Provides baseline functionality, interface requirements, and 
type-identity for objects that can persist their state-data to 
a (GENERIC) SQL-based RDBMS back-end data-store.
"""

The HMSSQLDataObject class that is shown here is by no means complete, but should serve as a reasonable starting point for building a full implementation of such a class, which connects to and uses data from any of several RDBM systems. The complete code, such as it is, can be found in the hms_core/ch-10-snippets directory of the project code.

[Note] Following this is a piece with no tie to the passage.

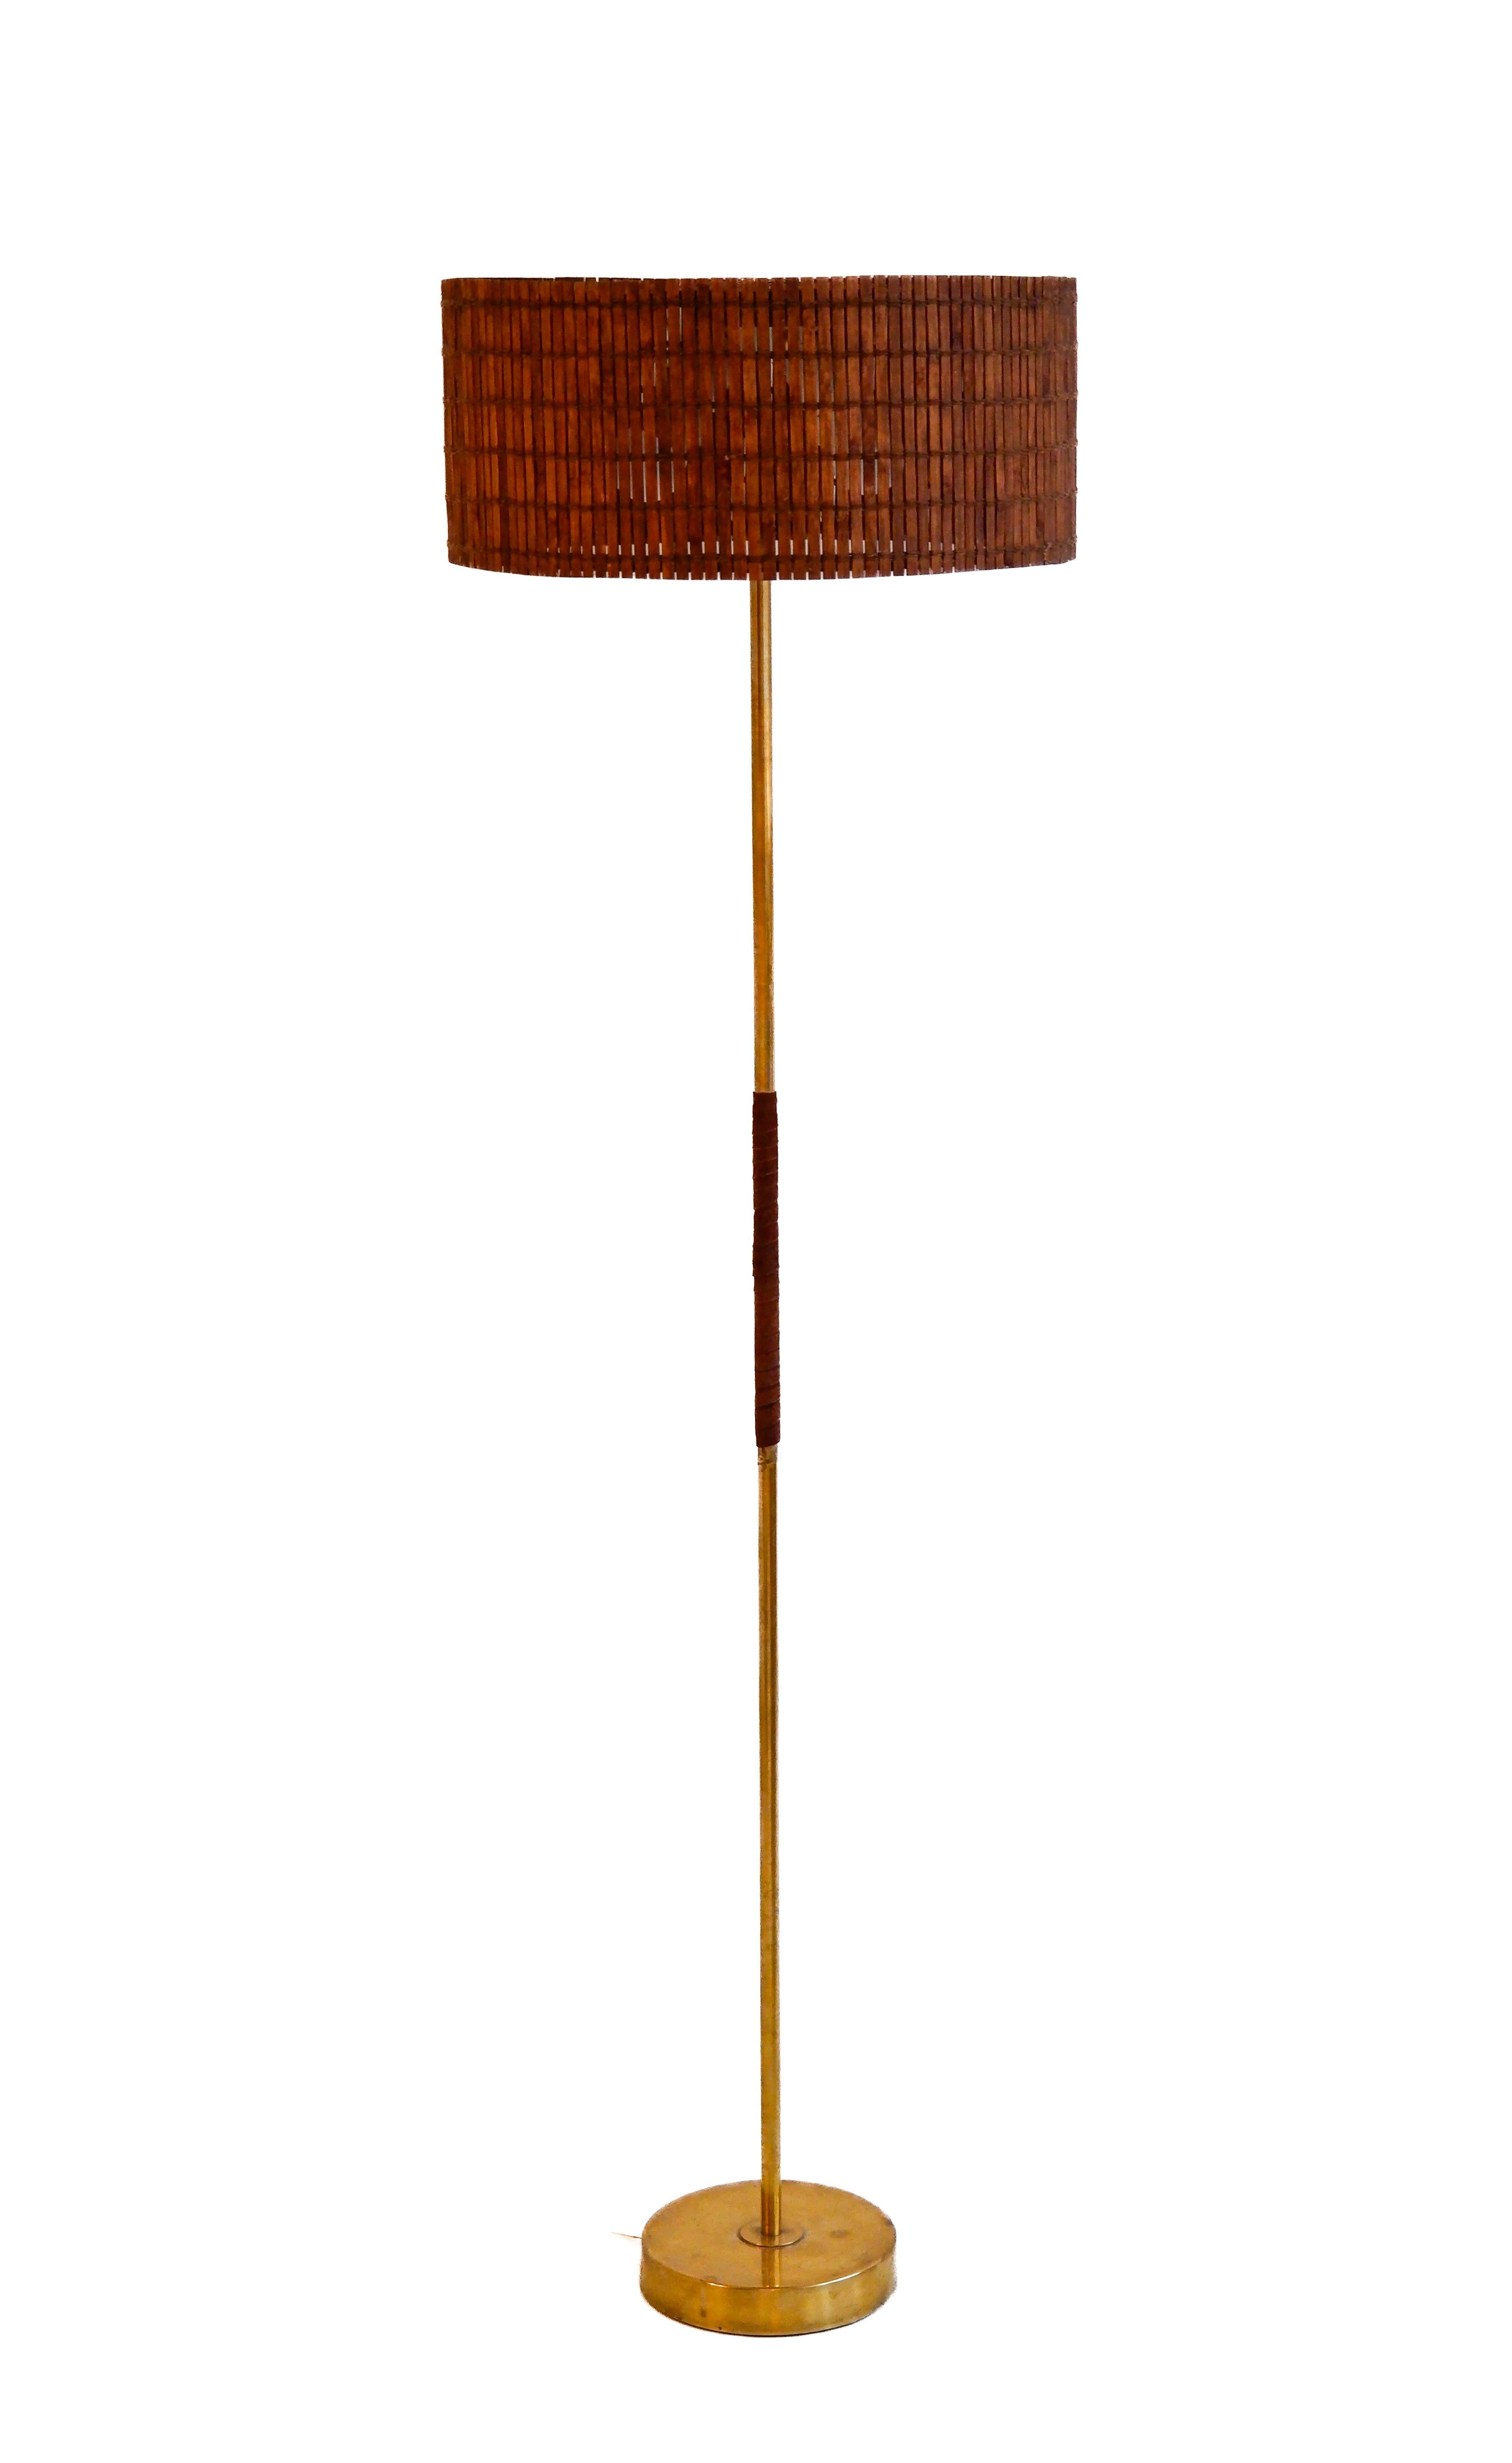 Finnische Vintage-Stehleuchte, entworfen und hergestellt von der Leuchtenfabrik Presenta in den 60er Jahren. Die Lampe ist aus massivem Messing gefertigt, hat ein Lederdetail am Kern und einen Rattanschirm. Guter Zustand des Overhalls ! Die Lampe

The same _configuration class property would probably be in use, serving the same purpose. It's possible that the _data_dict_keys class attribute would also be of use in reducing record fields to a valid argument dictionary in from_data_dict. Since SQL, for the various CRUD operations, or at least for specific starting points for those CRUD operations, would need to be stored and accessible to the classes, a viable option for doing so would be to attach them as class-attributes, as well:

    ###################################
    # Class attributes/constants      #
    ###################################

    # - Keeps track of the global configuration for data-access
    _configuration = None
    # - Keeps track of the keys allowed for object-creation from 
    #   retrieved data
    _data_dict_keys = None
    # - SQL for various expected CRUD actions:
    _sql_create = """Some SQL string goes here"""
    _sql_read_oids = """Some SQL string goes here"""
    _sql_read_all = """Some SQL string goes here"""
    _sql_read_criteria = """Some SQL string goes here"""
    _sql_update = """Some SQL string goes here"""
    _sql_delete = """Some SQL string goes here"""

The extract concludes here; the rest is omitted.